Indoor plants and natural light

Light plays an essential role in the development and upkeep of your plant. How much is enough?

A plant can only make the food it needs to survive and grow when it receives light. Without light, its most important metabolic process, called photosynthesis, cannot occur. This process takes place in small green cell organs called chloroplasts. Photosynthesis is a process in which your plant takes water and carbon dioxide and turns it into sugars and oxygen with the help of sunlight.

Because sunlight is such an important factor in the plant’s metabolism, it is crucial to expose your plant to the right amount of sunlight. The optimum is different for every plant species, and depends on how well the plant is adapted to certain light conditions.

Of course, artificial light is an option that is becoming increasingly affordable. In the past, grow lamps were expensive and inefficient, drawing a great deal of power which made them expensive to use.

Nowadays, however, the increasing use of efficient LED lights is making grow lamps a viable alternative for people whose residences do not receive much sunlight, or during the darker winter months. We will be providing a deeper look at artificial light and plant care in another blog post coming soon!

Location, location, location

To find the right spot for any plant, first you need to observe how much natural light comes into your space. This depends mostly on the orientation of your windows*, but also on whatever can block or filter the sunlight along its way. For example, bright light can be blocked by trees, or filtered by window decoration.

The next step is to decide where you want to place a plant. Check out the amount of light that falls on this spot – you don’t need to measure it, just have an understanding of how many hours of light it receives and how direct or intense it is. Take this amount of light into consideration when choosing your new plant. Keep in mind that artificial light rarely has an impact on the amount of usable light for a plant, unless you use the aforementioned special growing lamps.

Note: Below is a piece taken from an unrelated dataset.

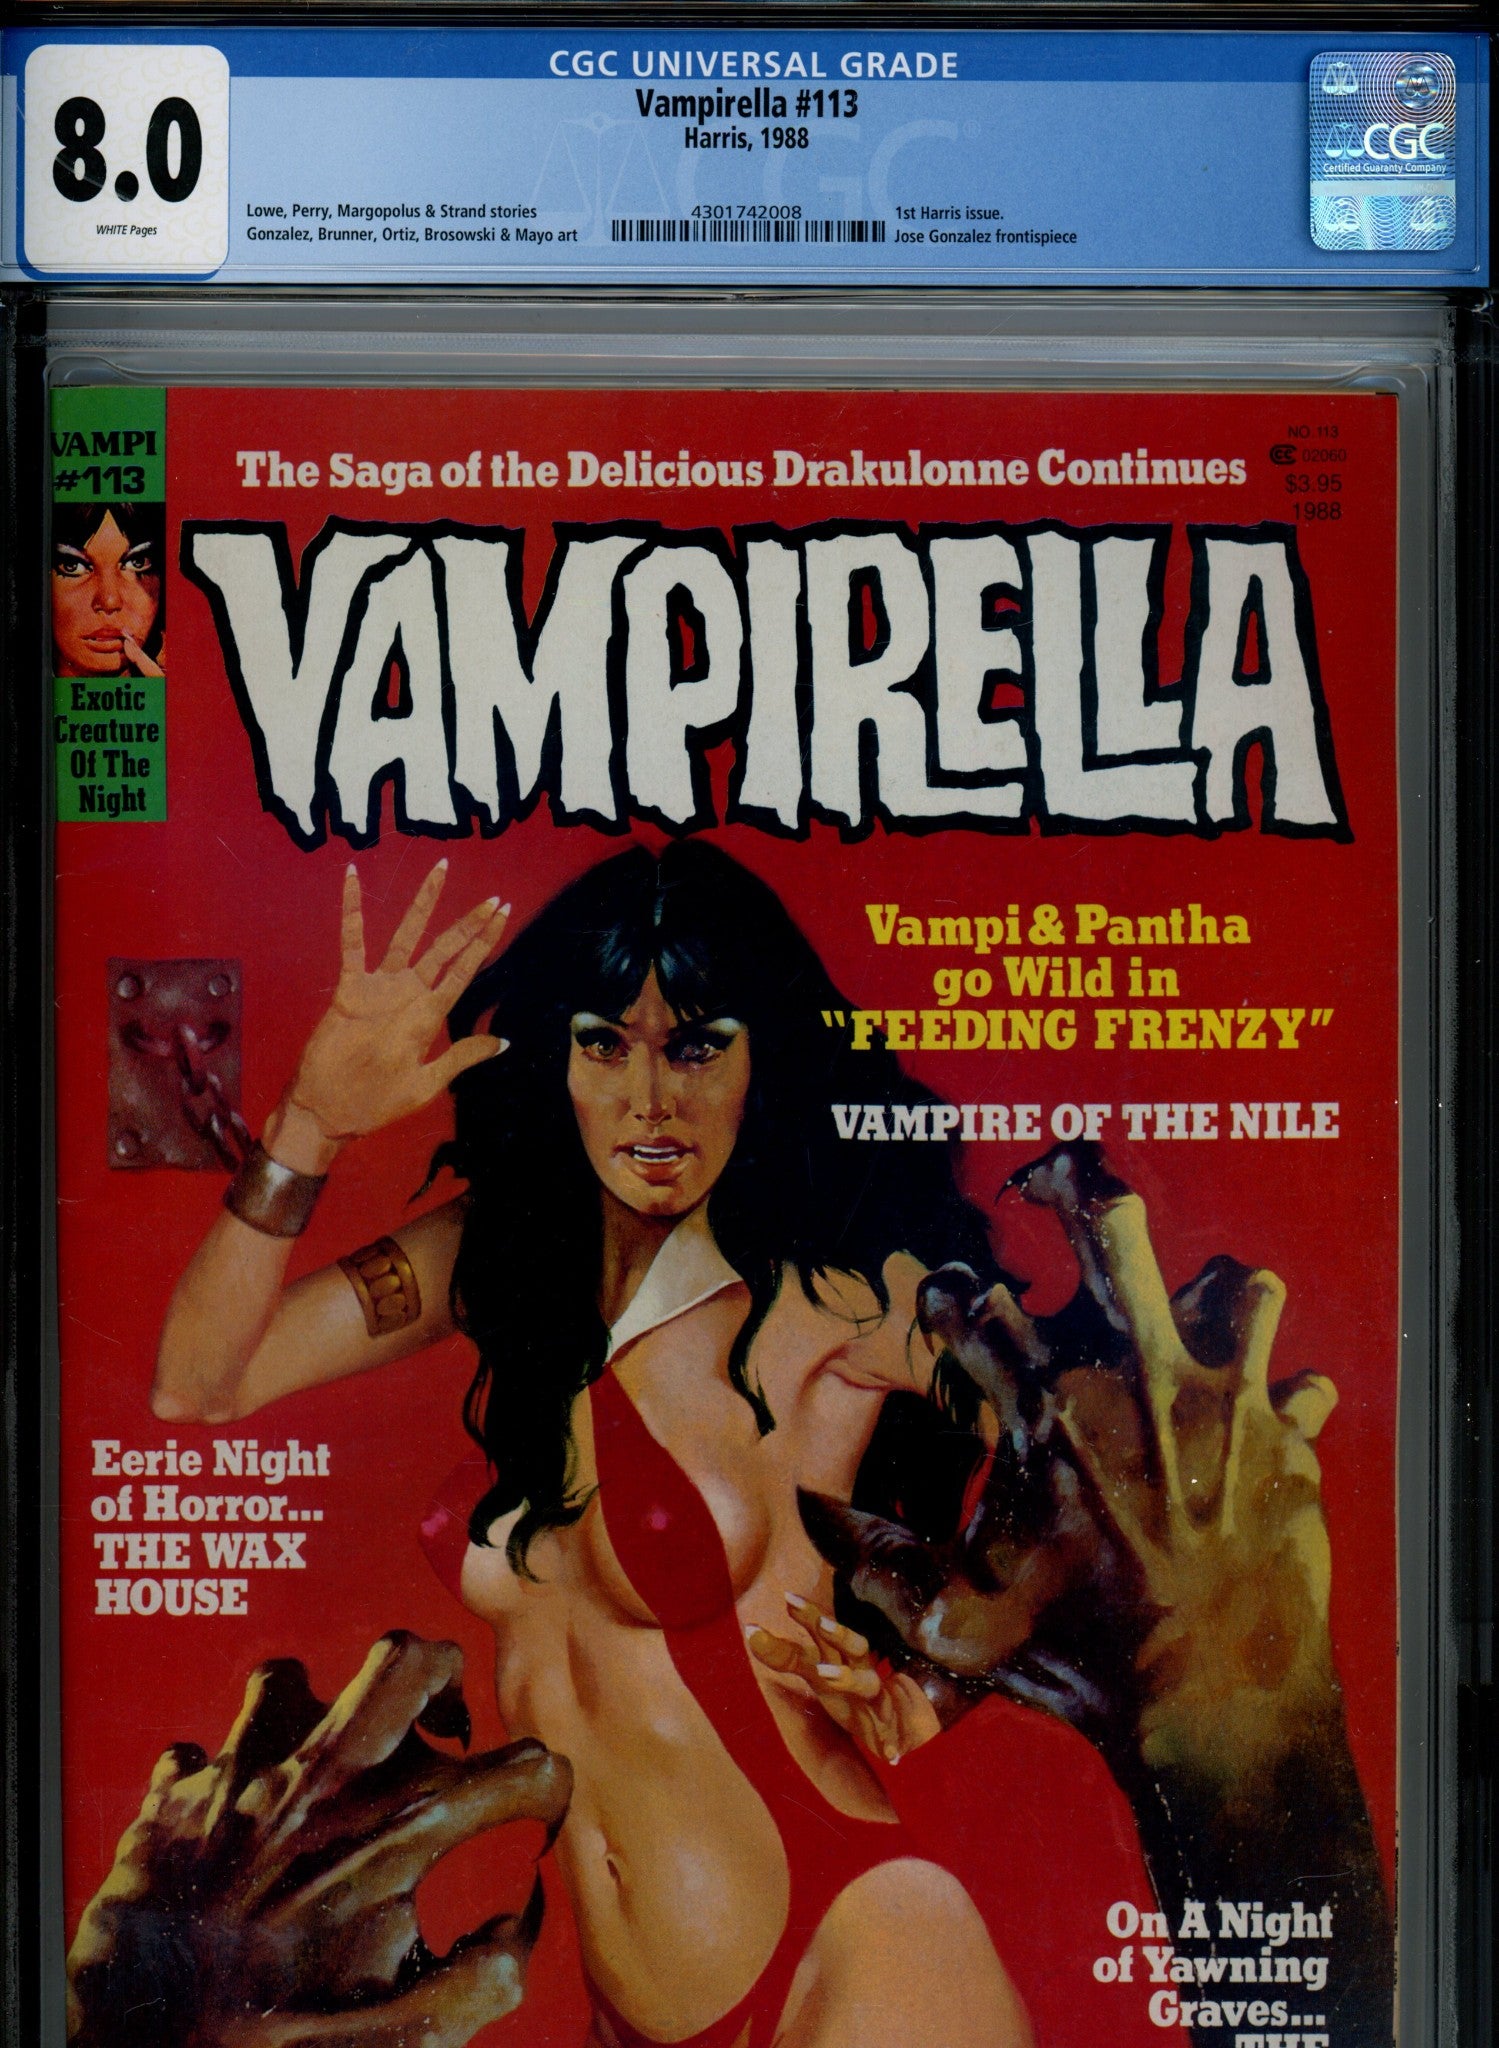 Vampirella Vol 1 113 CGC 8.0 (1988)

*Window orientations described in this blog post apply to the Northern hemisphere. In the Southern hemisphere, the orientations will be reversed.

Low-light Plants

Low-light plants don’t need a lot of light and will do great in the windowsill of a north-facing window, but also up to a few meters away from a west- or east-facing window. Some examples are Calathea plants and Asparagus but also most ferns. Find more examples here.

Medium-light Plants

These plants are most suitable for east- or west-facing windowsills. They may tolerate a few hours of direct sunlight, but not for too long as their leaves can get burned. If you have a south-facing window, place the plant more than a few meters from the window to prevent sunburn. You may already have one in your home – Monstera and Begonia are both medium-light plants that are extremely widespread, but you can find more suggestions here.

picture by Henry & Co.

High-light Plants

These plants love bright light, but will burn when they receive too much direct sunlight. Place these plants a few meters away from a south facing window. Some of them will also be happy in east– or west-facing windowsills. The ever-popular Ficus is a great example, as are banana plants. You can find a more complete list here.

Direct-light loving plants need a south facing window, and a few hours per day with direct sunlight or a grow lamp to thrive. In northern climates there may not be enough natural light all year around to support your plant so choose the position carefully. Cactus are an obvious example of a plant that needs direct light, but so are kitchen herbs such as Basil and Thyme! From succulents to carnivorous plants, there is a surprising array of plants that thrive in direct light.

picture by Demi DeHerrera

Symptoms of lighting problems

It usually takes a few weeks for your plant to adapt to a new place, so be sure to monitor your plant for a while to see if it remains happy or not. Your plant’s health is a sum of several factors (e.g. humidity, temperature), so you can never know for sure if light is the only problem. However, if you notice some of the symptoms described below, you may be able to make your plant healthy again by changing its location.

Too much light:

  • Yellow-brown, faded and limp leaves
  • Yellow or brown ‘sunburned’ spots on the leaves

Too little light:

  • Yellow/light green leaves
  • Pattern and/or variegation fade
  • Falling leaves
  • The plant starts growing strongly in one direction, with long, pale and weak stems. This process is called etiolation and occurs because the plant wants to grow desperately towards the light and invests all its energy in length growth, and not strength.

Natural habitat

If you do some research on your plant’s origin, it will become much easier to mimic its original environment and deduce the optimal care. To make things easier, we have already done research into the light requirements of different species for you – you can find a list of commonly-available plant species suitable for various light conditions here.

With the wide variety of plants currently available, we know it’s not always easy to pick the right plant for the right spot. A final tip: it can help to take into consideration the origin of the plant. If you know to what ecosystem a plant was adapted to flourish in, you can deduce the optimal growing conditions. Take cacti for example: they grow in deserts which puts them in bright and direct sunlight throughout the day. In contrast, a Calathea plant naturally grows in the undergrowth of tropical forests, where the canopy blocks most of the light. It has therefore adapted to thrive under low light conditions.